I sit in stony silence upon my perch. I watch the people walk through the doors, wandering in the corridors I swore to protect all those years ago. It is an agony to watch ones own death. I have seen it coming, it has washed over the Earth just as surely as a swarm of locusts. First to go were the big ones, the dragons, sphinx, and chimera. And over the years they all seemed to fade away. Giants, wizards, golems, lyancrothroropes, and fairy. The slow painful waning of the magic. There aren’t many of us left an occasional will-o-wisp, the yeti hiding in the mountains away from prying eyes. An occasional practitioner of the most primitive of magics. A lost were cub.
And me.
I am the last of a dying breed of guardians. I sit upon my cathedral and watch over those I have sworn to protect. But it is a vigilance of habit, I lack even the strength move during a full moon falls upon a solstice. I am in effect a guardian to weak to even protect myself, let alone my charges.

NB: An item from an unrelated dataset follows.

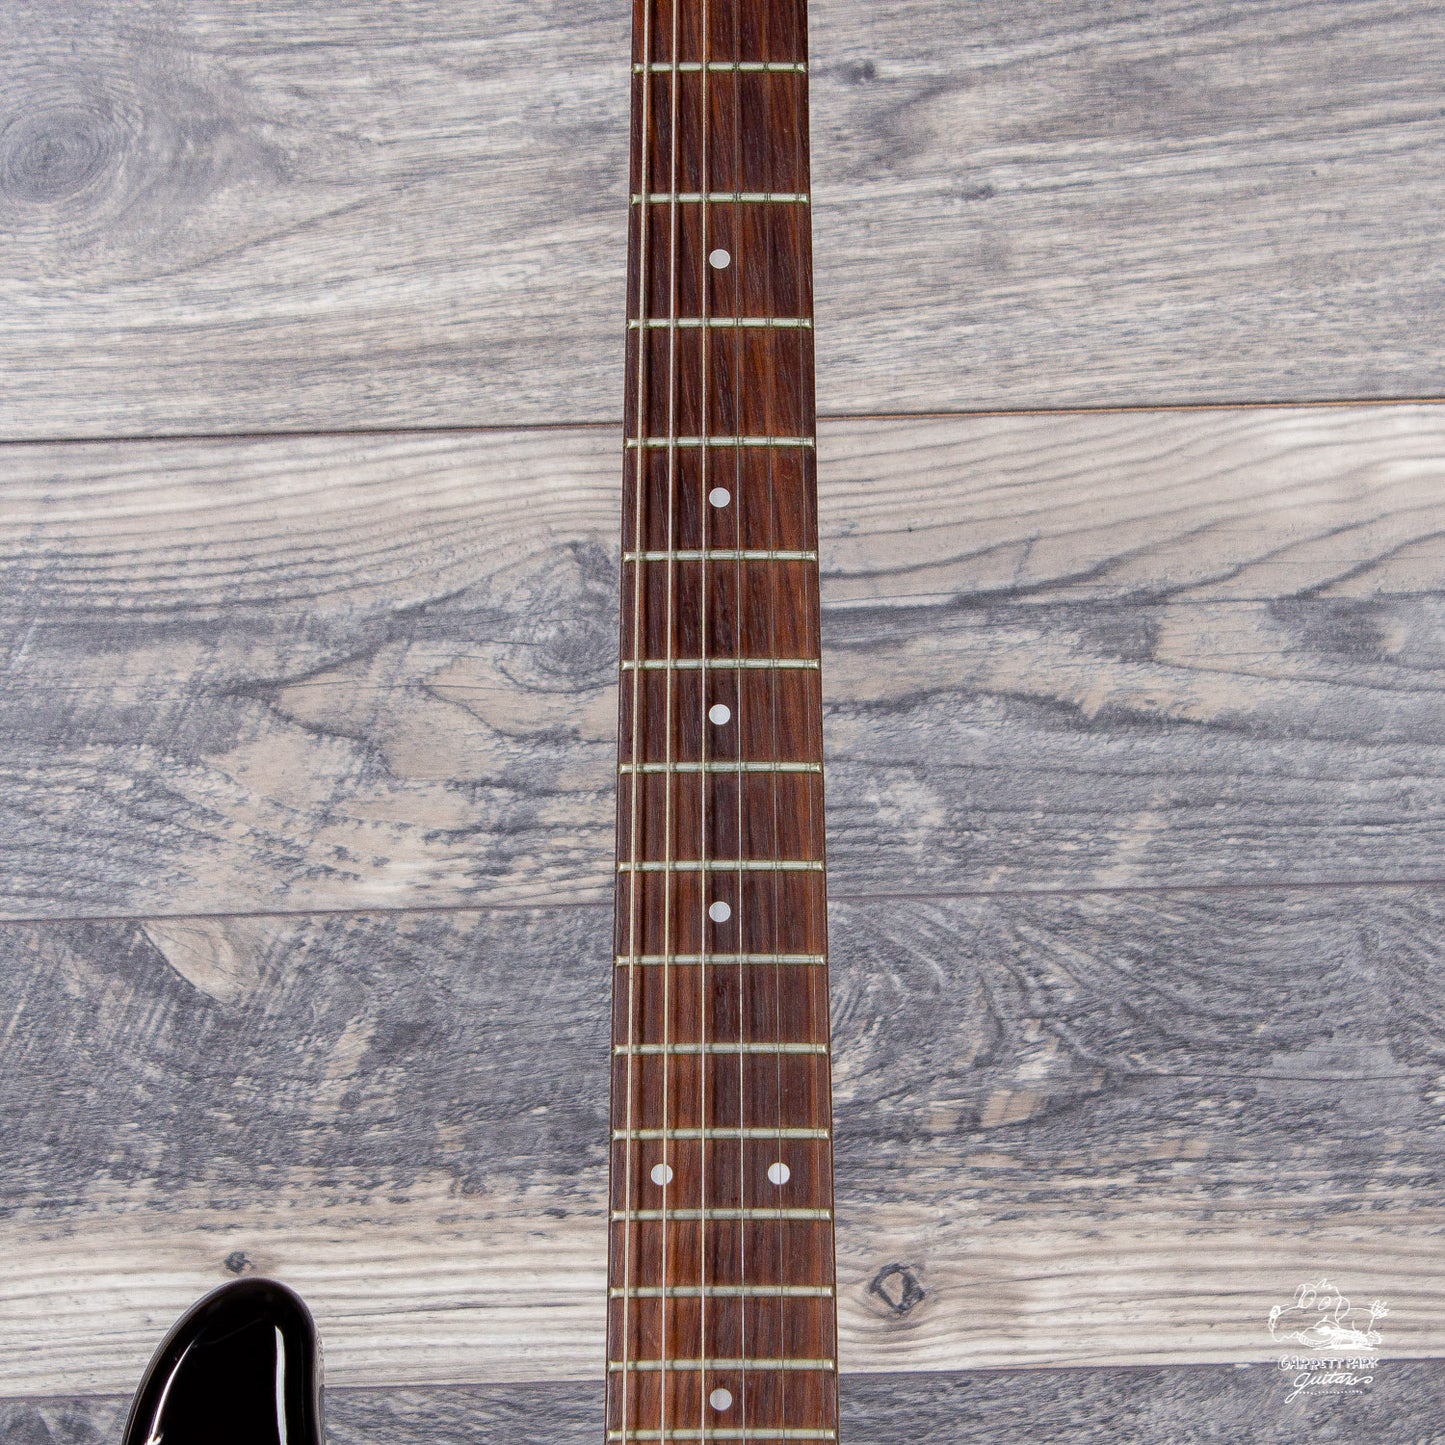 1988 Fender MIJ Contemporary Stratocaster - Schaller Locking Tremolo,- Sunburst - Lace Sensor Pickups

The only I am still lucid is the children, the young ones. The ones that still gaze upon my stony visage and are filled with awe. The ones with the memory of there forefathers buried deep in their subconscious. They feed me thier dreams and memories. Their magic. Through them I remain the vigilant guardian.
Through them I live.
I noticed here right off. When she first came to be baptized. She was a baby held in her mother’s arms. Her eyes were barely open, but still I could see her eyes. She had large sorrorowful brown eyes.The priest splashed holy water on her and made the sign of the cross over her. She cried the whole time. The tears deluded her eyes and reflected ancient memories. Memories of the primordial mythic days. Days when my brothers roamed the Earth and sky. Days when wars were decided by ancient old men and horrific beasts, not the lives of children.
Her belief brought me strength. I was veritably crackling with energy. If I felt the need I might have been able to move. But I was content to watch and let the energy flow over me. I felt the passage of millennium lifted from my shoulders and for a moment I almost felt young again. The child remembered it all. A memory that reached even further back my own lay dorment in her. And such power she held in her.
If she had been born in my youth she would have been a powerful sorceress before wrinkle began to form. But in this day and age she would have a difficult time ahead of her, but if she came back, if she visited the church often, I might live for another century or two.